2009-07-15 | BSD/DIR/GEN/CIR/03/012The Central Bank of Nigeria (CBN) issued a circular on July 13, 2009, to guarantee all inter-bank placements and placements with banks by Pension Fund Administrators maturing on or before March 31, 2010. This decision was made to improve the effectiveness of Monetary Policy. The pricing for these placements should reflect the credit enhancement provided by the guarantee. Banks are subject to single obligor limits and their placements must follow exposure limits set by National Pension Commission. The guarantee is applicable to only local currency denominated transactions. It covers full payment of principal and accrued interest in case of default.
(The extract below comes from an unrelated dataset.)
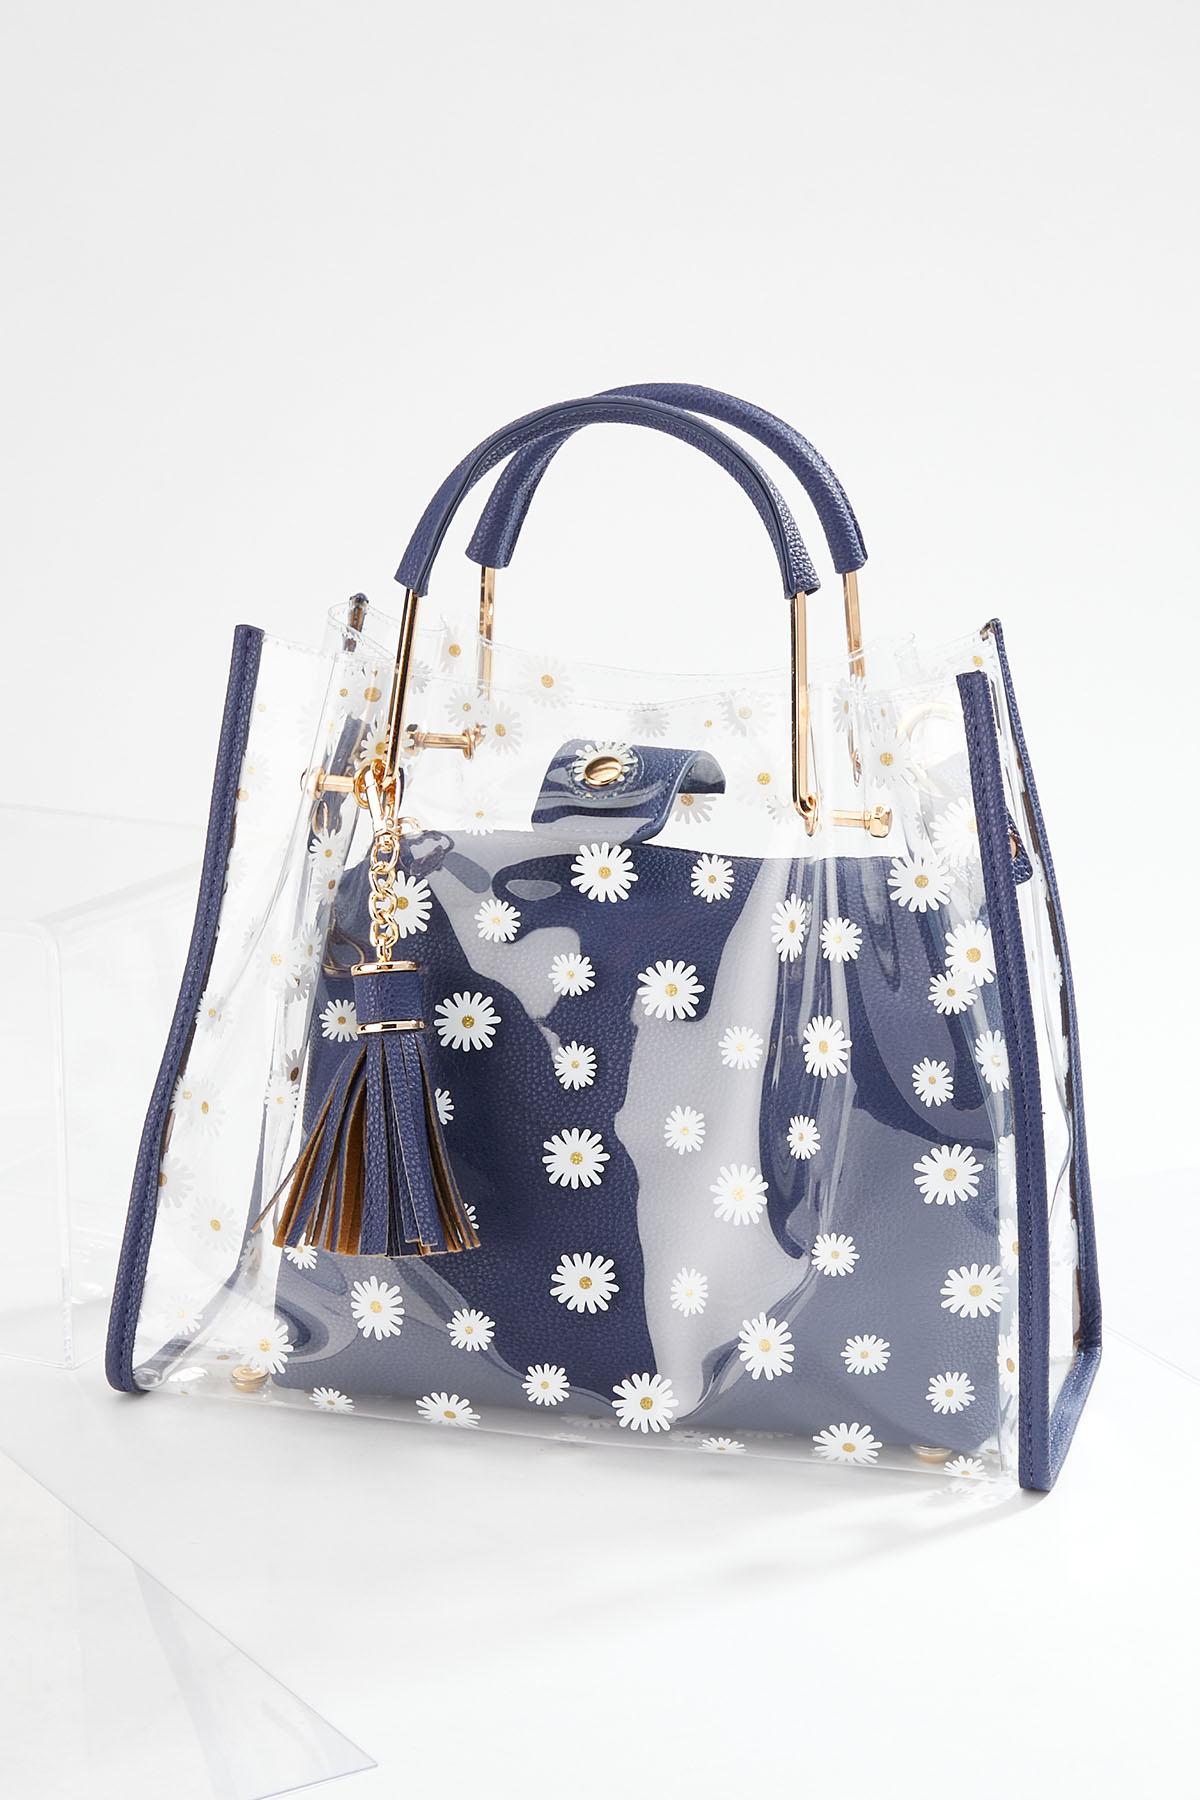 Daisy Lucite Handbag Set

This circular was implemented with the aim of reducing lending rates and stimulating economic growth, while discouraging banks from accessing the CBN Discount Window for placement at inter-bank market.
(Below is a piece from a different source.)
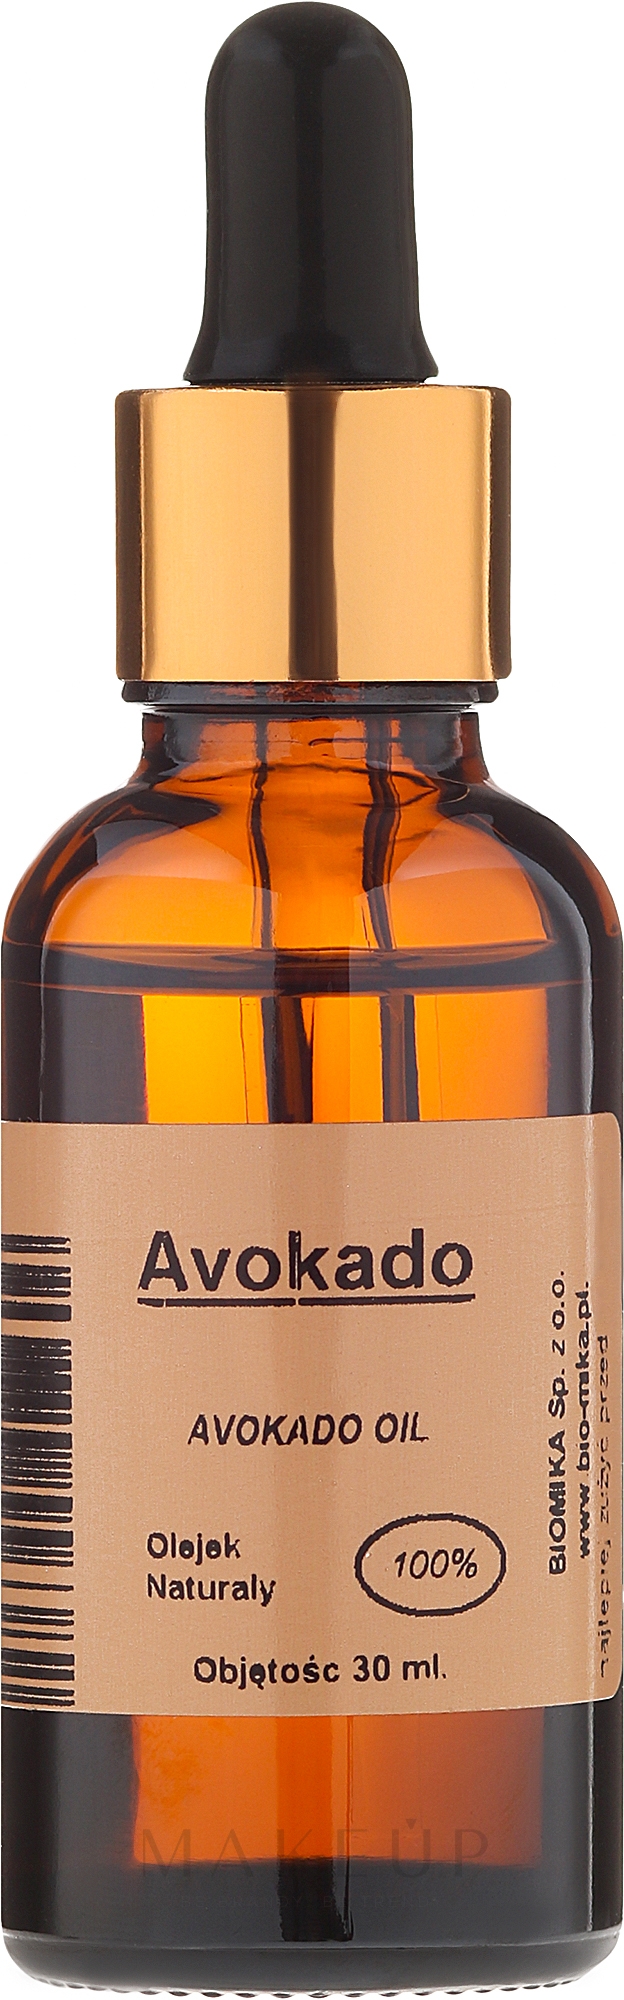 100% natürliches Avocadoöl - Biomika Avokado Oil — Bild 30 ml

09 46236403 09 46236418 BSD/DIR/GEN/CIR/03/012 July 13, 2009 CIRCULAR TO ALL BANKS GUARANTEE FOR INTER-BANK PLACEMENT AND PLACEMENTS WITH BANKS BY PENSION FUND ADMINISTRATORS In the effort to resolve the effectiveness of Monetary Policy, the CBN, following the meeting of the Monetary Policy committee on July 07, 2009, resolved to guarantee all inter-bank placements and placements with banks by Pension Funds Administrators maturing on or before March 31, 2010. In order to give effect to the decision to guarantee inter-bank placements, banks are advised to be guided as follows:- i. The pricing of the placements must reflect the credit enhancement provided by the guarantee. Thus, it is expected that overnight placements shall not be priced higher than MPR + 2%, while a maximum spread of 300, 400 and 500 basis points above the MPR shall be maintained for tenors up to 30, 60 and 90 days, respectively. Any placements priced outside these bands shall not be eligible under this programme.
ii. The guarantee shall be applicable to only inter-bank transactions by Nigerian banks that are denominated in the local currency, that is, the Naira.
iii. All transactions by banks in this regard shall be subject to the single obligor limits of the participating institutions. In other words, for the guarantee to be effective, the placement(s) by an institution to another institution shall not exceed its single obligor limit at any point in time.
iv. Placements by Pension Funds Administrators shall continue to be subject to the exposure limits set by the National Pension Commission (PENCOM), if any. To qualify under this arrangement, pricing most also be in line with (i) above.
v. The guarantee on all inter-bank placements that meet the above requirements shall be applicable to only those maturing not later than March 31, 2010, and it covers full payment of principal and accrued interest in the event of a default.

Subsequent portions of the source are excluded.